El dopaje en el deporte y en la sociedad actual.

En este número de Digitalis hemos creído interesante referirnos a un artículo publicado recientemente en la prestigiosa revista Lancet sobre el uso de anabolizantes y el dopaje en el deporte y en la sociedad, un tema de candente actualidad. Es un tema importante para los terapeutas de prácticamente cualquier disciplina, ya que cada vez más se pueden encontrar personas que consumen este tipo de sustancias y es importante tenerlas en cuenta, recordar preguntar por su uso y recoger una historia detallada sobre el uso de estas sustancias y saber sus efectos sobre la salud.

El artículo que comentaremos se trata de un artículo de revisión realizado por el Instituto Karolinska de Suecia, y presenta una visión detallada y documentada del uso de sustancias de dopaje, describiendo su prevalencia, riesgos y situación actual.

El uso de sustancias farmacológicas activas que mejoran el rendimiento en el trabajo y los deportes es una práctica realizada desde hace siglos.
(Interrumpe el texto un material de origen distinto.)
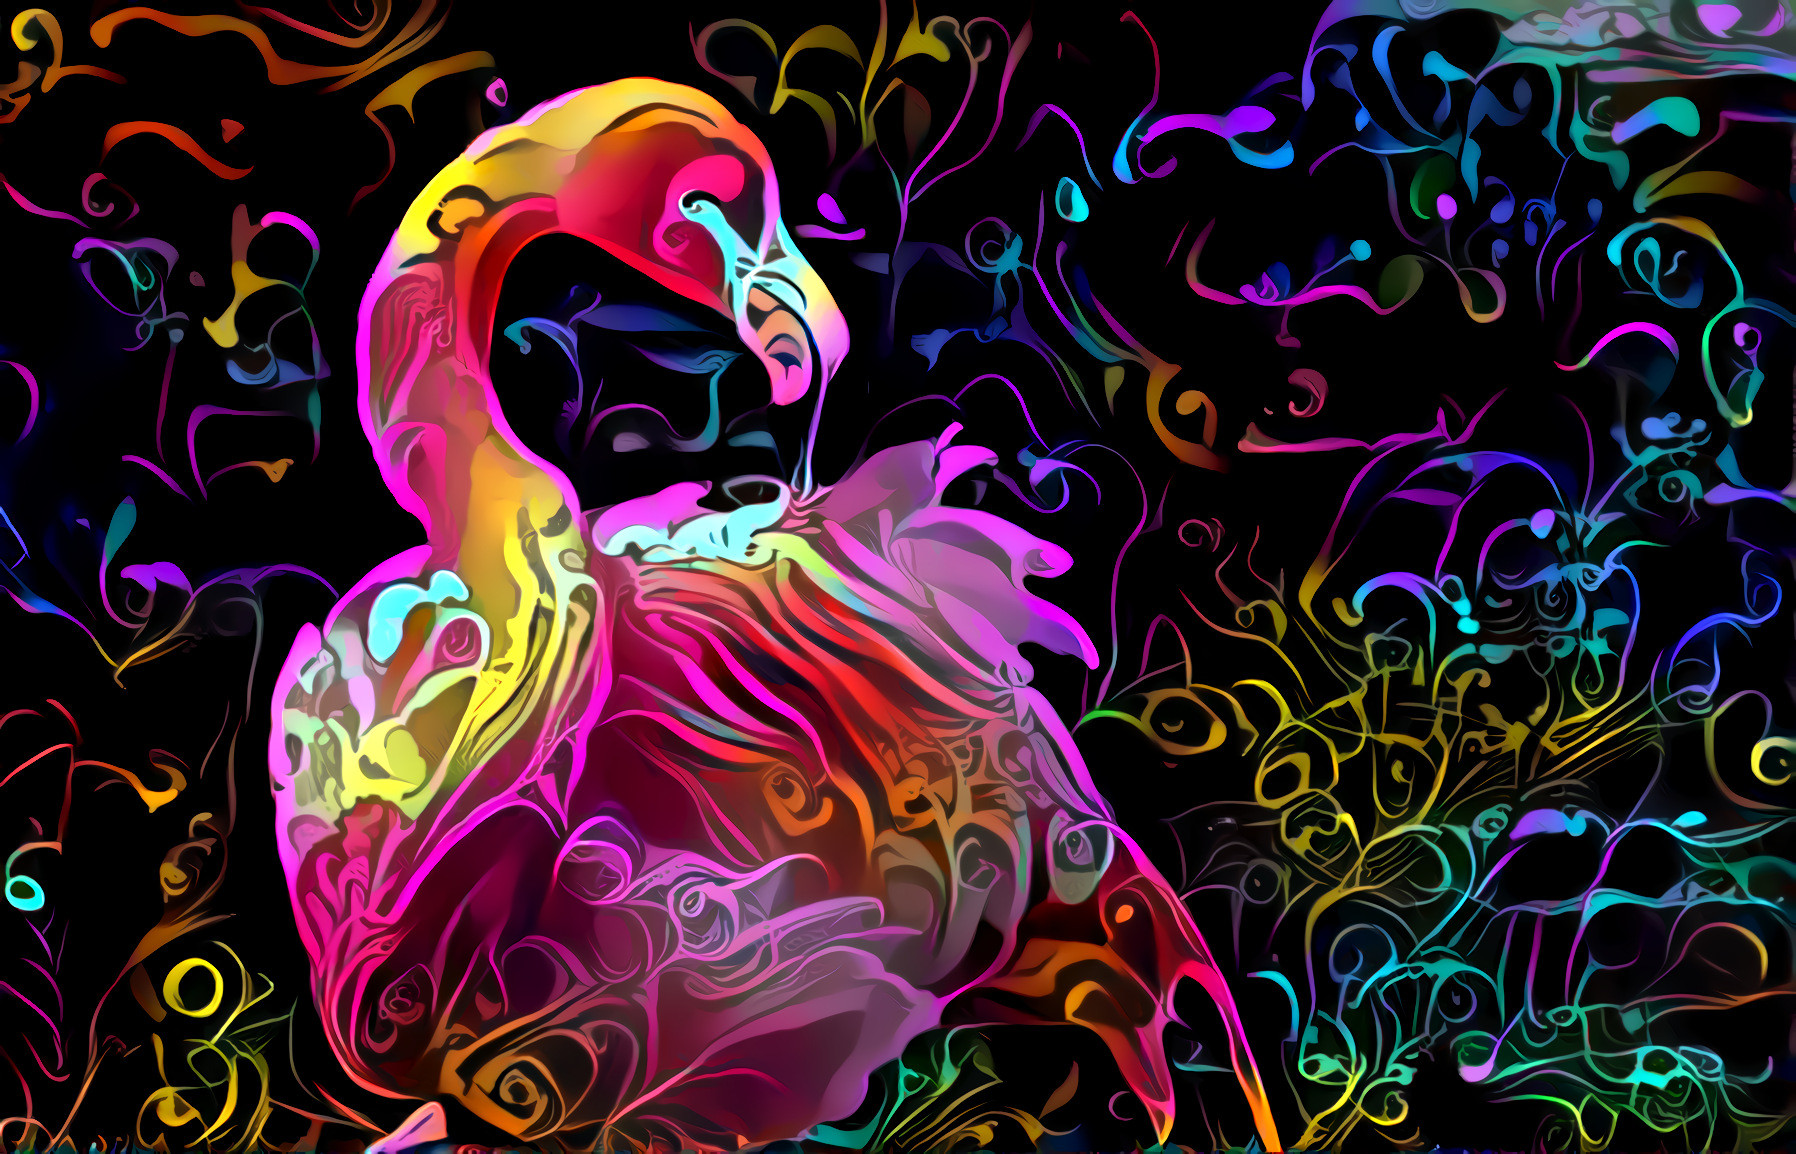 Flamenco Flamingo - style by Нинель Летова

Por citar algún ejemplo de la historia, está documentado que los Incas masticaban hojas de coca ante los trabajos que requerían un esfuerzo físico extenuante. También está descrito que durante las Olimpiadas griegas se consumían setas y opio para incrementar el rendimiento deportivo, o durante la Segunda Guerra Mundial se sabe que pilotos y soldados consumían anfetaminas para combatir el cansancio (1).
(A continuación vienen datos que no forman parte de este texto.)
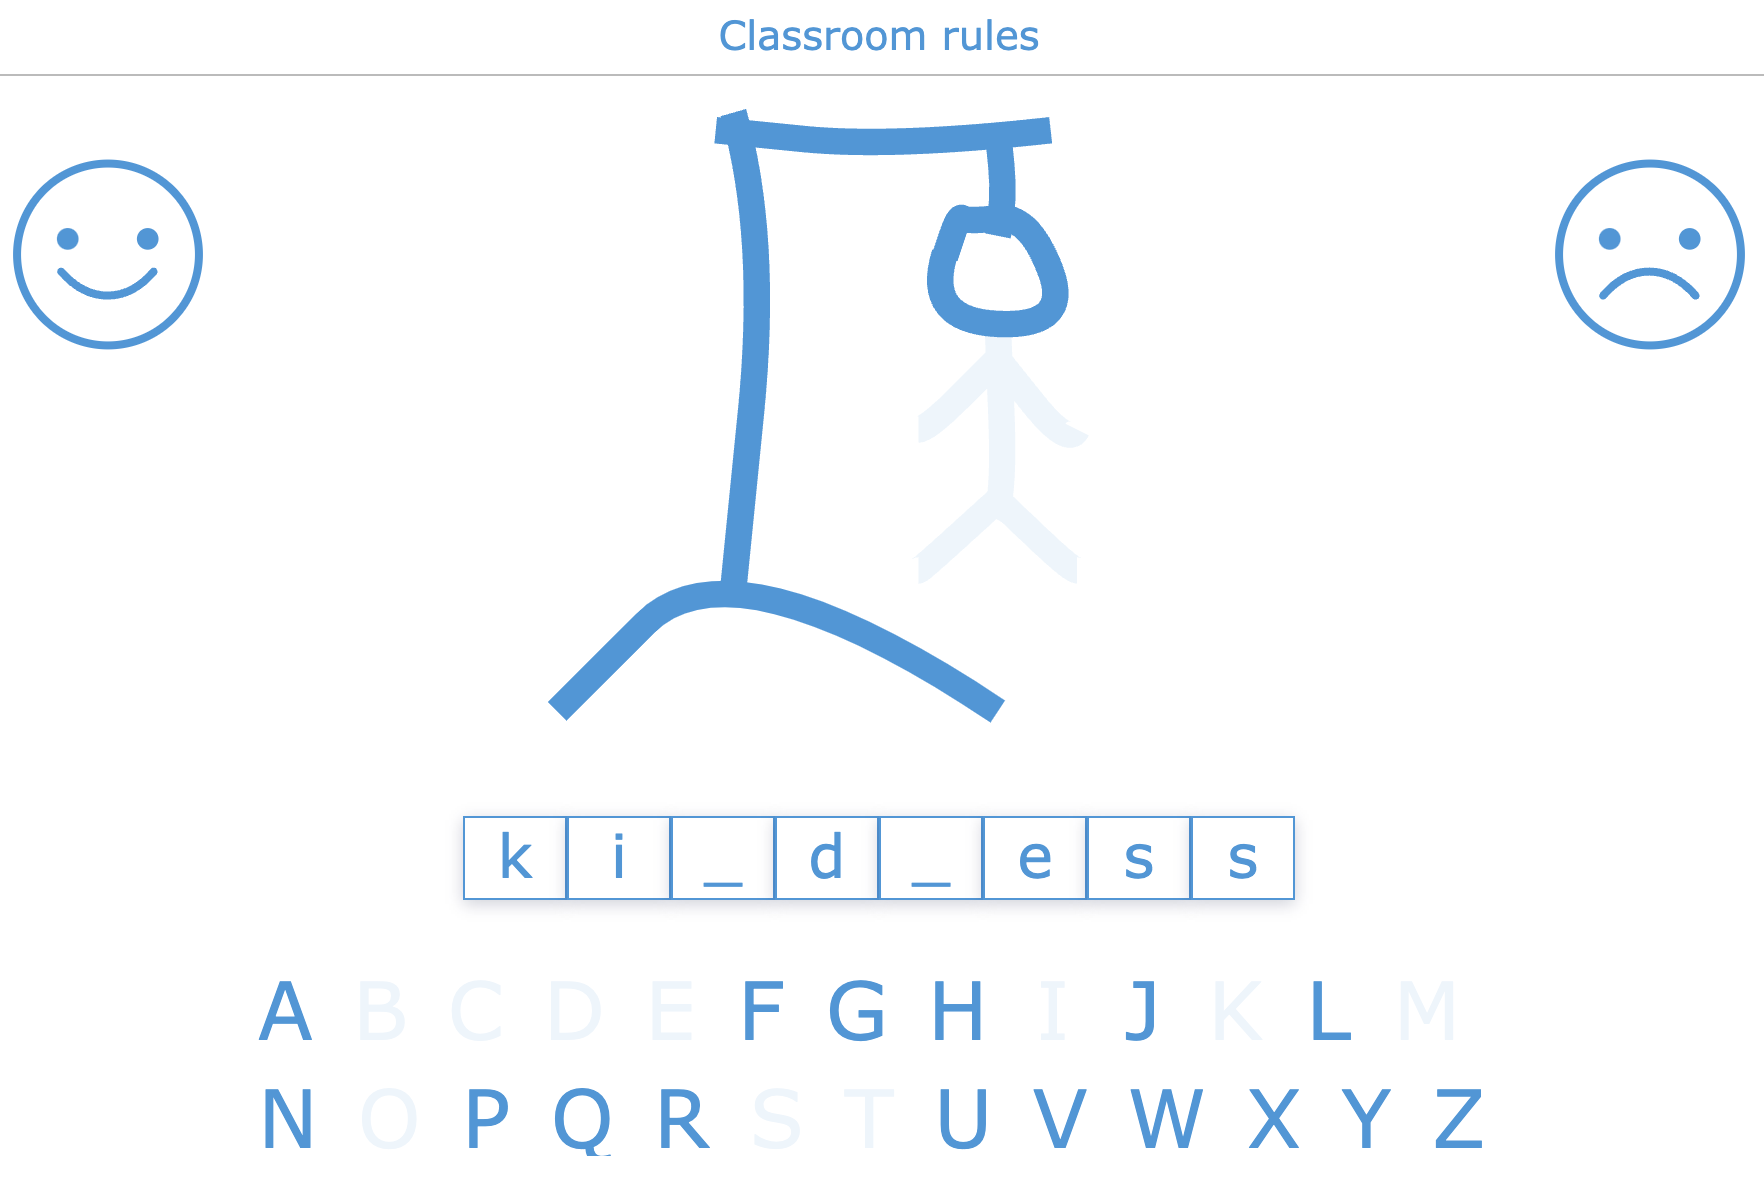 Bookwidgets classroom rules hangman

Sin embargo, no es hasta hace cuarenta años que se introducen los esteroides anabolizantes androgénicos, como la testosterona. Esta práctica es conocida como “dopaje”.  Actualmente, el uso de anabolizantes no está restringido por la ley y, de hecho, se ha convertido en una práctica normal entre habituales del gimnasio muy centrados en su imagen corporal.
Es difícil contabilizar el uso de estas sustancias en la población, debido a que se oculta o no se comenta en las entrevistas, pero varias encuestas realizadas en Estados Unidos y en Suecia sitúan este consumo entre un 1 y un 5 % de personas que refieren haber consumido sustancias de dopaje en algún momento de su vida (2).
La Agencia mundial anti-dopaje (World Anti-Doping Agency, WADA) publica una lista anual sobre las sustancias que están prohibidas en el deporte de competición. Algunas de las sustancias citadas en estas listas son, además de esteroides anabolizantes, antiestrógenos para compensar los efectos secundarios de los anabolizantes, b-bloqueantes (como el SUMIAL) para mejorar la práctica de tiro (ya que disminuyen el temblor fino que resulta de la ansiedad), hormona del crecimiento, etc. También en estas listas se explicitan prácticas prohibidas por esta organización relacionadas con el dopaje, como aumentar la transferencia de oxígeno en la sangre (mediante transfusión de sangre o administración de eritropoyetina recombinante) o manipular muestras recogidas para el control antidopaje.
El problema principal con estas sustancias no solo es su uso ilícito para mejorar unas marcas deportivas o un físico deseado, sino sus riesgos sobre la salud en general, desconocidos por muchos de sus consumidores.
Se ha demostrado que los comúnmente denominados anabolizantes (esteroides anabolizantes) tienen un efecto de mejoría de la actividad física, sobre todo cuando se combinan con ejercicio muscular como pesas. Sin embargo, a pesar de que existe un aumento de la fuerza muscular y una hipertrofia muscular, la resistencia aeróbica no mejora en absoluto (3).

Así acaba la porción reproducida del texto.